How Does Being Underwater on a Car Loan Affect Insurance Decisions?

Updated July 9, 2026 6 min read

Owing more on a car than it’s currently worth changes very little about how the car drives, but it changes quite a bit about how much insurance coverage makes sense.

The short answer

Being underwater on a car loan generally argues for maintaining solid liability and physical damage coverage, and often for carrying gap coverage, because a total loss would otherwise leave a borrower owing money on a car that’s gone. The insurance decision is less about the car and more about protecting against the shortfall between payout and loan balance.

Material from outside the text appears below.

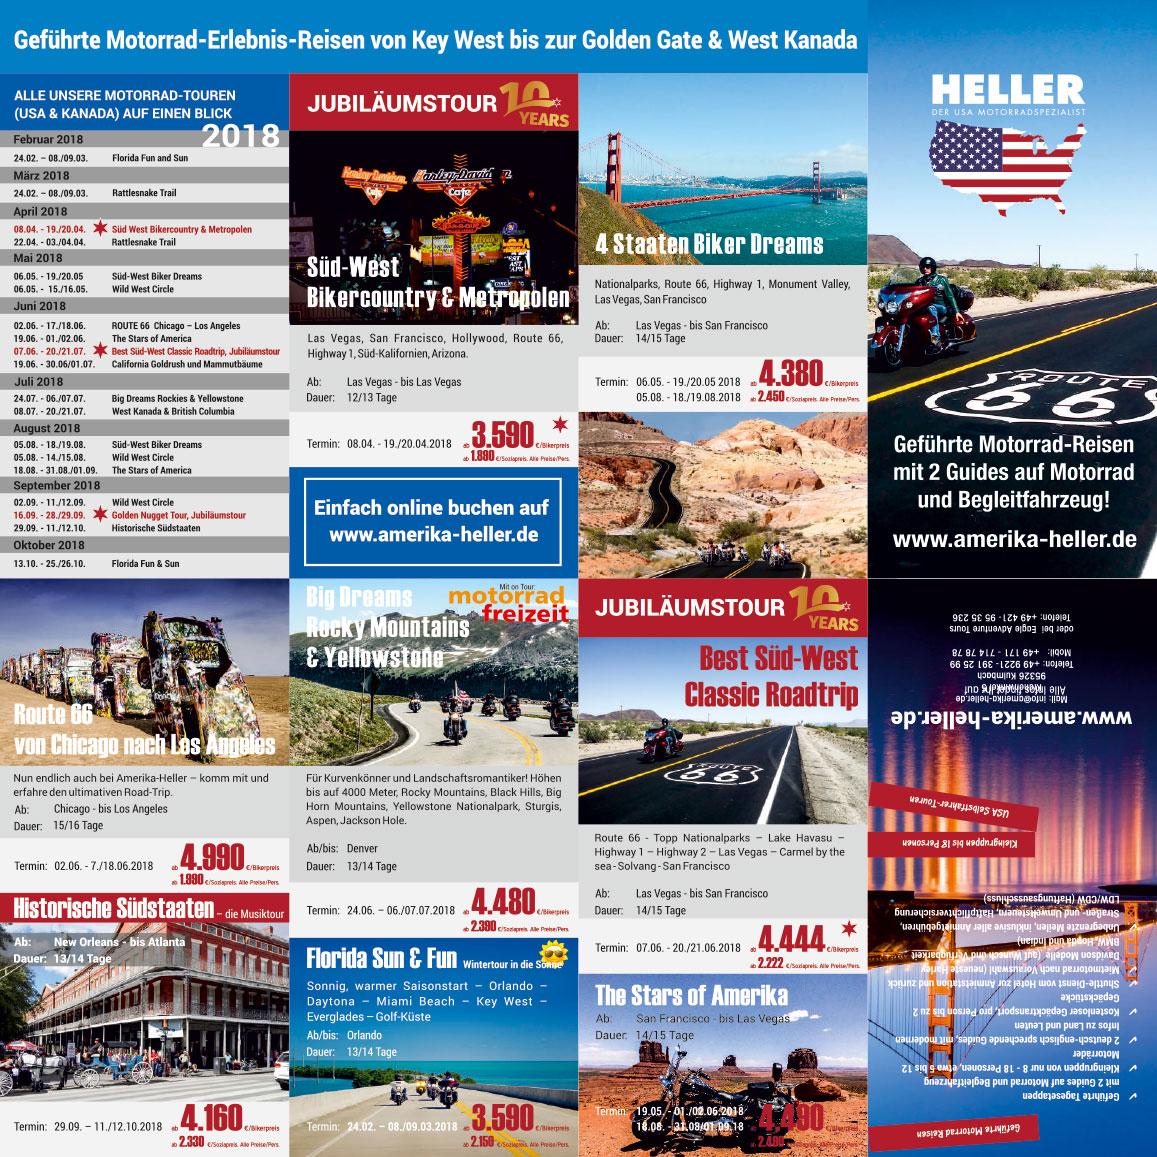 Grafik & Design Referenzen: Reiner Heller JH Amerika-Heller, Las Vegas, USA - Kulmbach, DE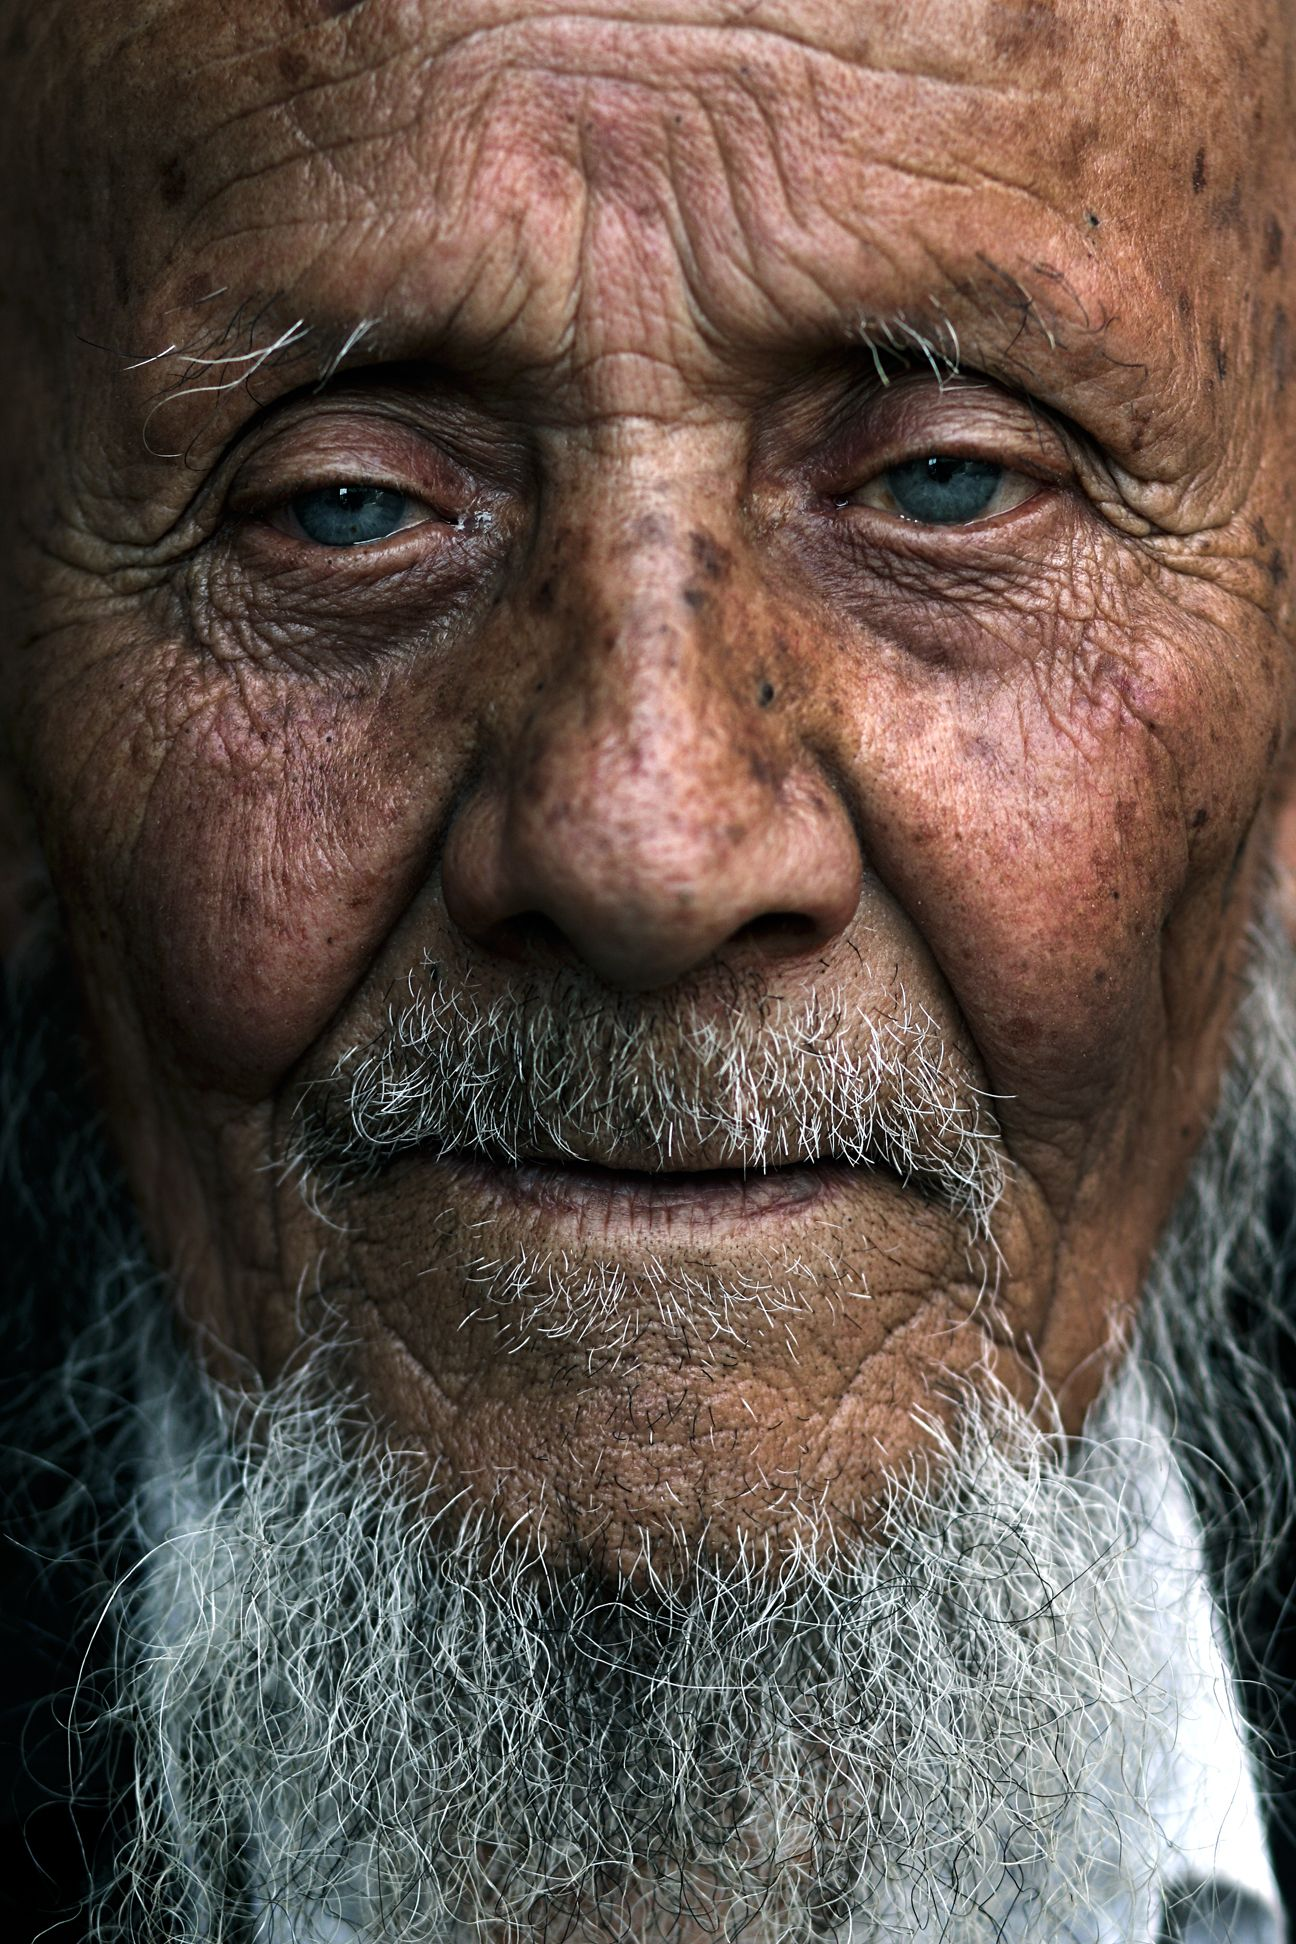 How to get an older man

Why the loan balance matters to coverage choices

A standard collision or comprehensive claim pays out based on the vehicle’s market value at the time of loss, not the amount still owed. When the loan balance is higher than that value, reducing physical damage coverage to save money removes the very protection that would otherwise cover the car itself, while a total loss without adequate coverage turns a car payment into a debt with nothing behind it.

Coverage choices worth reconsidering

Most lenders require a minimum level of physical damage coverage for as long as a car serves as loan collateral, but that minimum isn’t necessarily the same as the level that best matches an underwater position, and the two are worth evaluating separately.

How this connects to a total loss

If a car is stolen or totaled while underwater, the insurer’s payout goes toward the loan first, and any leftover shortfall becomes a deficiency balance the borrower still owes. That outcome doesn’t change based on how careful someone was as a driver — it’s purely a function of the payout-versus-balance math, which is why insurance choices during an underwater period are worth revisiting rather than left on autopilot from when the loan began.

Balancing coverage cost against exposure

None of this means every underwater loan requires maximum coverage regardless of cost. The tradeoff is between the premium paid now and the exposure being carried — a loan that’s only slightly underwater and close to reaching positive equity carries less risk than one with a large, persistent gap. Tracking the equity position over time helps clarify when coverage that once made sense can reasonably be scaled back.

What to weigh

Insurance during an underwater period is really about matching coverage to the size of the financial gap a total loss would create, not just to the car’s replacement cost. As the loan balance and the car’s value move closer together, the case for extra protection typically weakens, which makes this worth revisiting periodically rather than deciding once and never returning to it.